To reduce the spread of this virus, mass quarantine methods are applied. Modeling to overcome the
pandemic by Tang et al (2020) shows that increasing quarantine / isolation (including travel restrictions)
and reducing contact rates can significantly decrease peaks and reduce the cumulative predicted
number of infected individuals (Tang, Clin Med 2020).

Racing against sustainable coronaviruses, the community has been advised by various health authorities
to reduce travel and stay at home as a basic way to limit people's exposure to the virus. Health
authorities, including the National Health Commission of the People's Republic of China, WHO, and the
US Centers for Disease Control and Prevention, have issued safety recommendations to take simple
precautions to reduce exposure and transmission of the virus. Unfortunately, travel restrictions and
mandated directions not to participate in outdoor activities, including physical activity and regular
exercise, will undoubtedly disrupt the daily routine activities of tens of millions of people.

Staying at home for a long time can pose a big challenge to staying physically active. Sedentary behavior
and low levels of physical activity can have negative effects on the health, well-being, and quality of life
of individuals. Quarantine itself can also cause additional stress and challenge residents' mental health.
Physical activity and relaxation can help you stay calm and protect your health.

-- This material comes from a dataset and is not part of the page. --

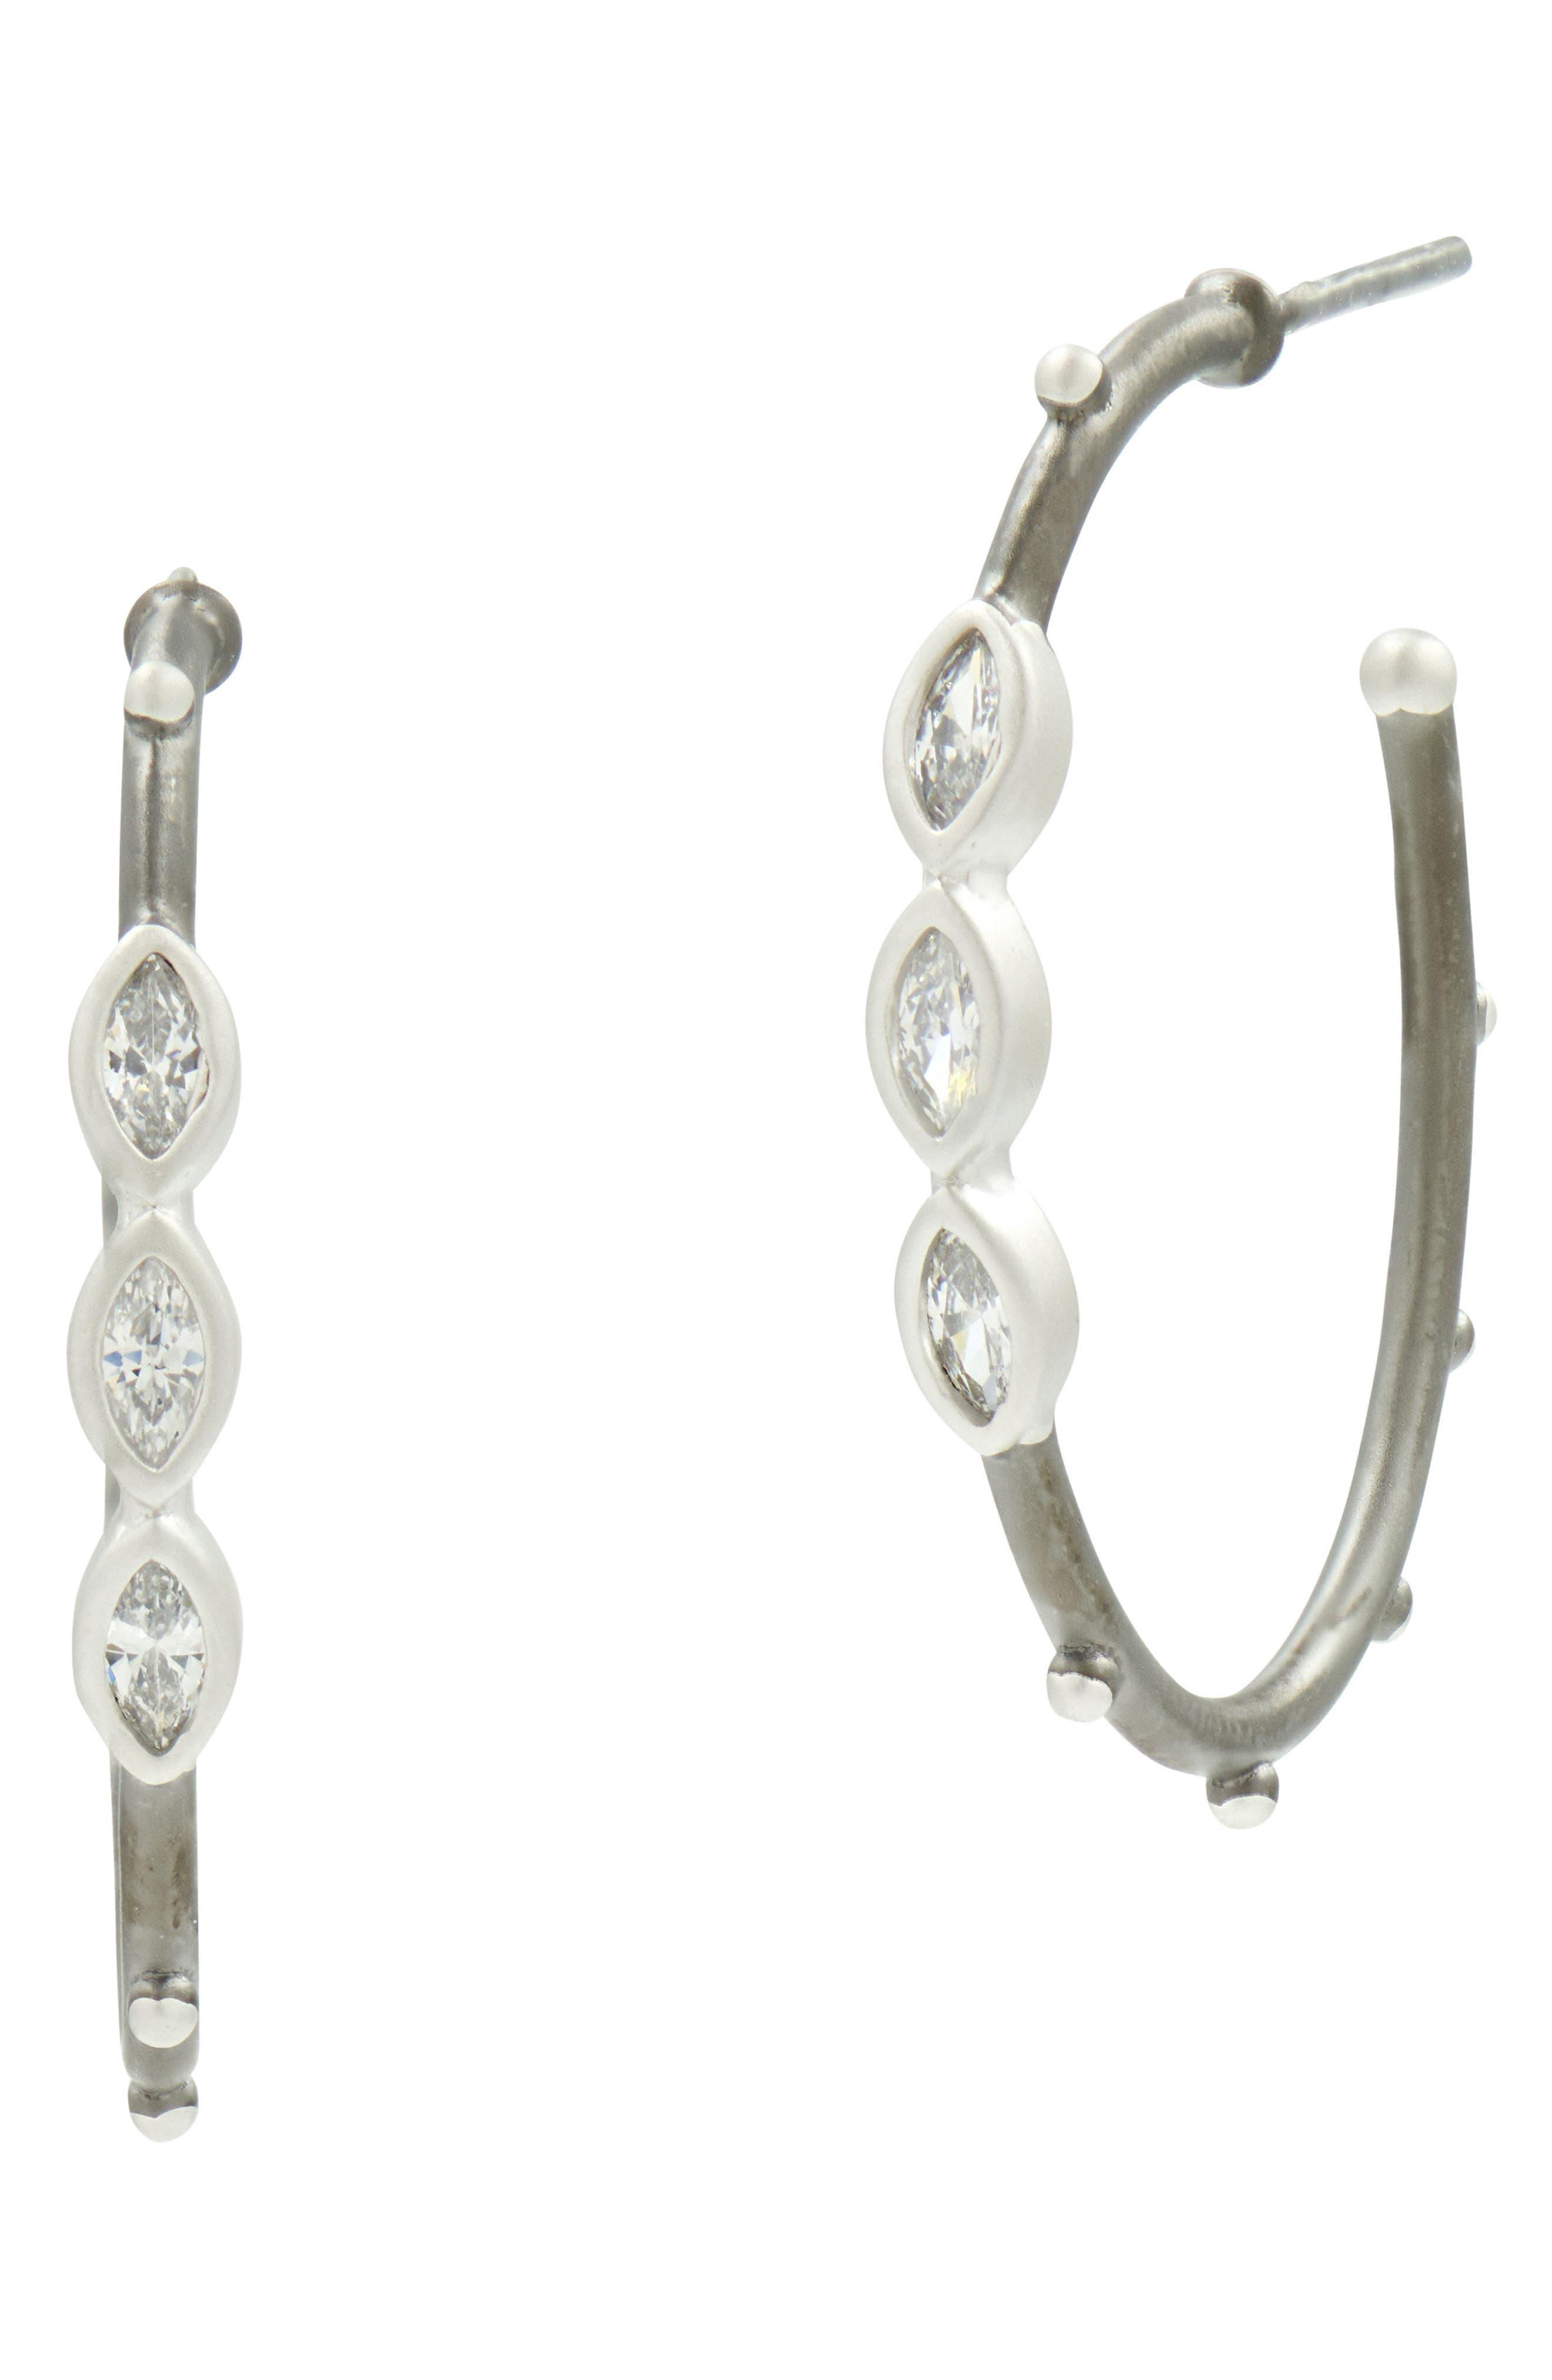 Marquise Hoop Earrings,                             Main thumbnail 1, color,                             Silver/ Black Rhodium

With the aim of increasing the body's immunity to the spread of the covid19 virus, there are a number
of guidelines for people about what a person can do to maintain their daily exercise or routine physical
activity. Quarantine at home is indeed a safe action to avoid the virus outside, but this effort also has an
unintended negative consequence of reduced physical activity. It is possible that a long stay at home can
lead to an increase in sedentary behavior, such as spending a lot of time sitting, lying down, or lying
down for screening activities such as playing games, watching television, using a mobile device; reduce
regular physical activity which results in lower energy expenditure; or engaging in activities that were
initially intended to avoid the virus, but instead lead to an increased risk and potential worsening of
chronic health conditions. Therefore, there are strong health reasons for continuing physical activity at
home in order to stay healthy and maintain current immune system function. The use of eHealth and
home sports videos on the YouTube site, which focuses on encouraging and providing physical activity
via the Internet, cellular technology, and television is another viable way to maintain physical function
and mental health during this critical period.

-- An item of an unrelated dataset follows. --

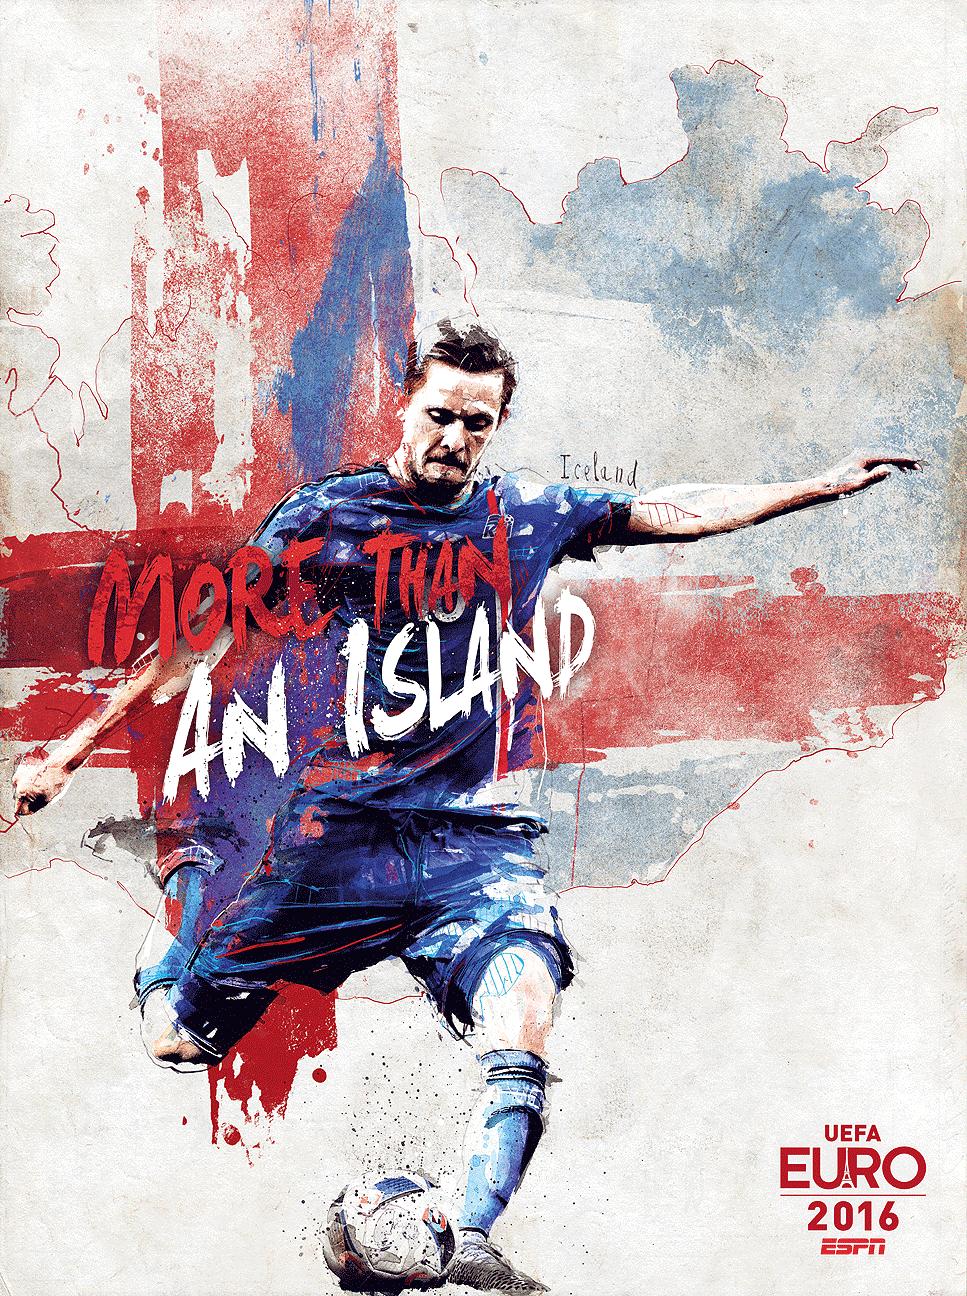 Euro 2016 team posters スポーツグラフィック, スポーツデザイン, サッカー

Official measures that limit the movement of people in the face of a coronavirus crisis do not necessarily
mean that physical activity must be limited or that all forms of exercise must be completely eliminated.
Exercise has been shown to have clear health benefits for healthy individuals and for patients with
various illnesses. In this regard, we really echo Dr. Steven Blair from Dr. Ken Powell: "Some activities are
better than nothing, and more is better than less."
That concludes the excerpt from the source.